The training kernel is at notebooks/training.ipyng and inference is under notebooks/inference.ipynb.
To run the notebook at notebooks/training.ipyng, one needs to:
- Create a folder called data which represents DATA_ROOT configs variable.
You should put the competition's data under data/feedback-prize-effectiveness and the 2021 competition's data under data/feedback-prize-2021.
By the way, you can put these files anywhere you want but in that case you should set these params (see notebook):
- TRAIN_CSV_PATH
- TRAIN_ROOT
You could also need to set many other path related variables like: MODEL_ROOT, OOF_DFs_ROOT ... (see notebook).

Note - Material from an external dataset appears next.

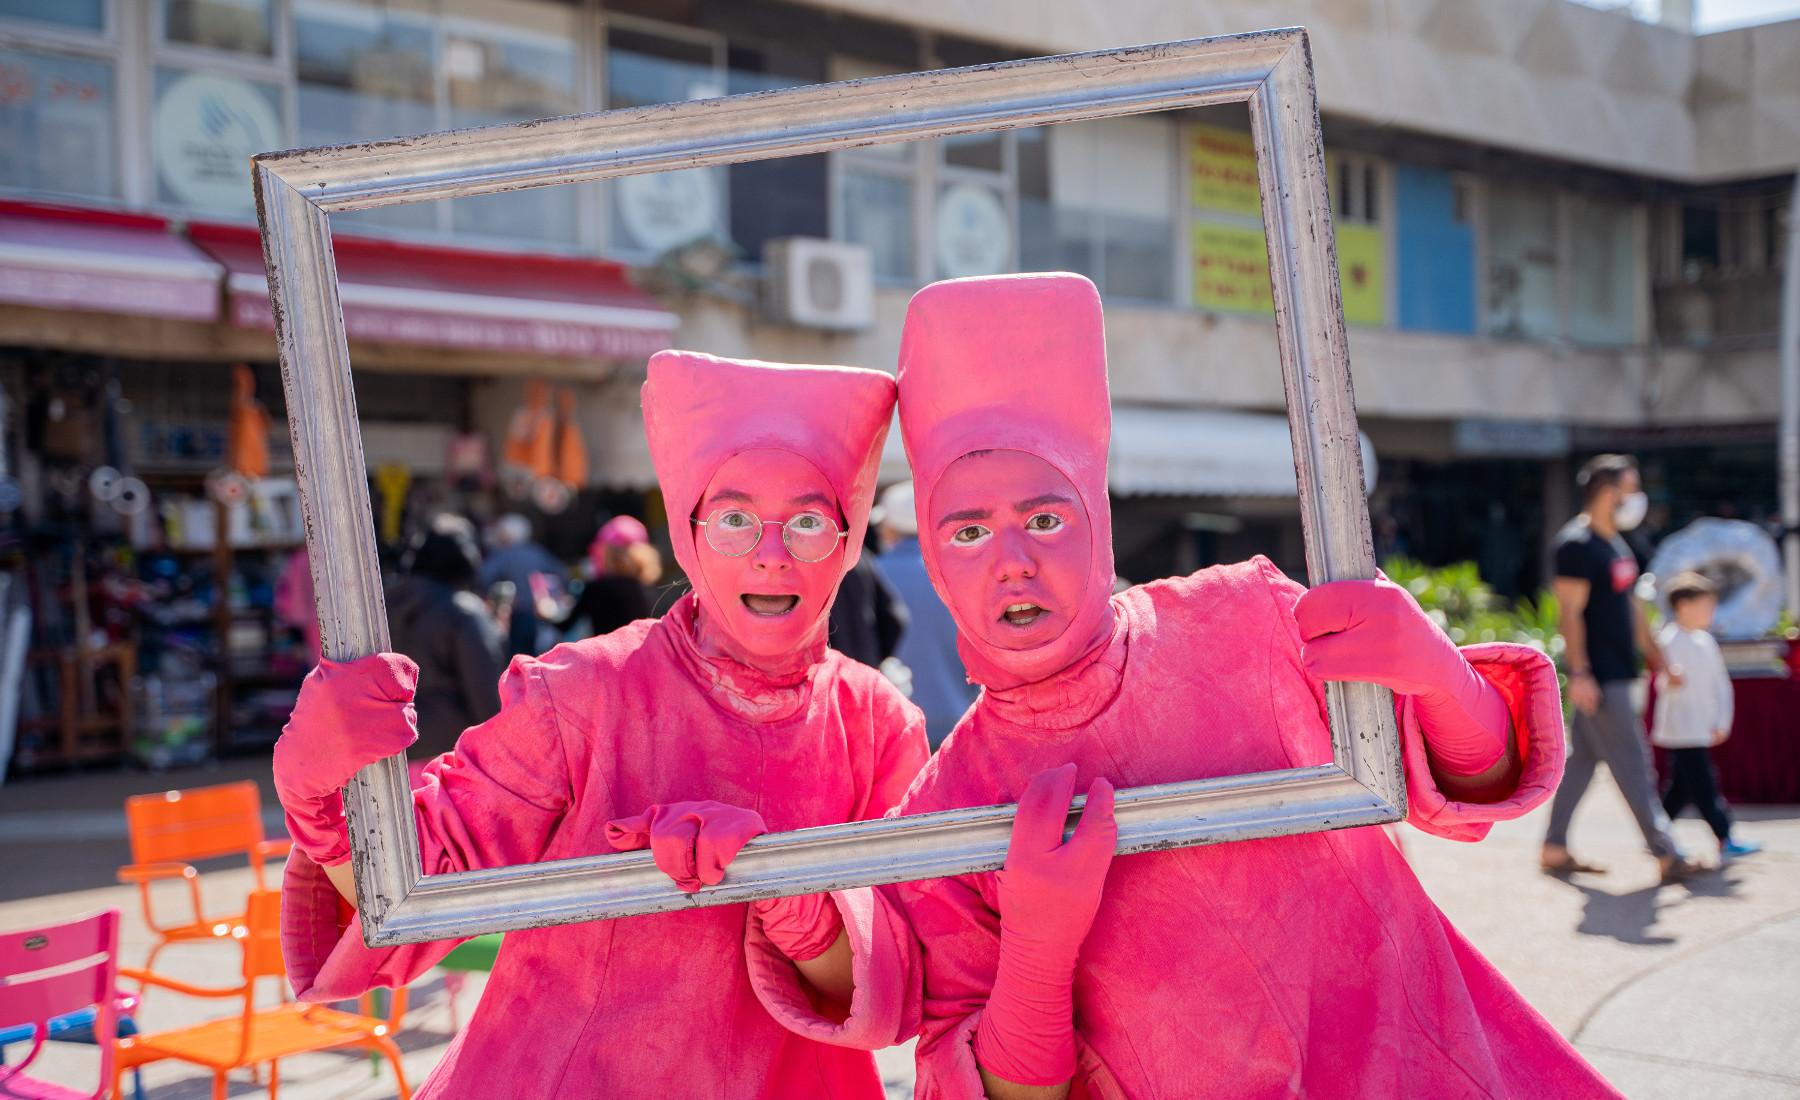 פסטיבל אילת לתיאטרון רחוב חוזר – הכניסה חינם!
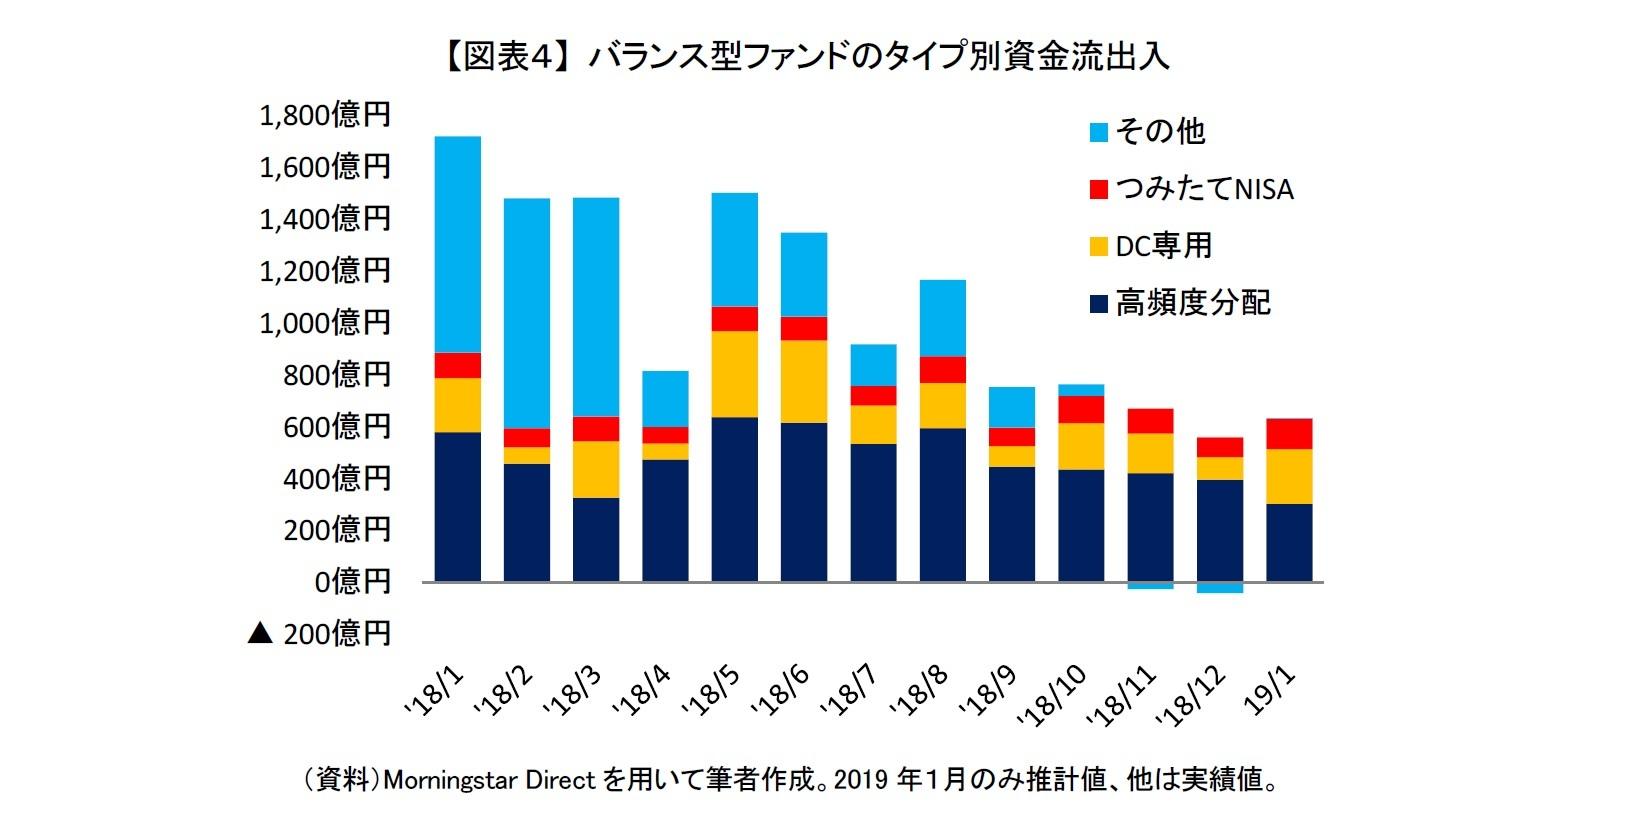 【図表4】 バランス型ファンドのタイプ別資金流出入

You could need these ressources. Many of them are available here: https://www.kaggle.com/code/kneroma/kkiller-fpzeff-all-data-kernel/data?scriptVersionId=104898683
-
Pickled essays data (for fast running) -> TRAIN_ESSAYS_PICKLE_PATH : data/essays_220728.pkl
-
OOFs Pickled DataFrames -> OOF_DFs_ROOT : data/oof_dfs_v2/*
-
Pickled model inputs -> DATA_ROOT / f"full_inputs_{slugify(configs.MODEL_NAME)}_220819.pkl" :
- microsoft/deberta-v3-large : data/full_inputs_microsoft_deberta-v3-large_220819.pkl
- microsoft/deberta-large : data/full_inputs_microsoft_deberta-large_220819.pkl
- microsoft/deberta-xlarge :
- microsoft/deberta-v2-xlarge :
-
Pretrained weights -> checkpoints_store :
- microsoft/deberta-v3-large : data/fprize_microsoft_deberta-v3-large_fold0_epoch_04_iov_v2_val_0.7346_20220625092726.pth
- microsoft/deberta-large : data/fprize_microsoft_deberta-large_fold0_epoch_05_iov_v2_val_0.7418_20220625133915.pth
- microsoft/deberta-xlarge :
- microsoft/deberta-v2-xlarge :
The training for efficiency track is almost the same. You just have to discard the folding-related things, which is done in the notebooks/training-efficiency.ipynb file. The inference kernel is strictly the same for efficiency and non-efficiency.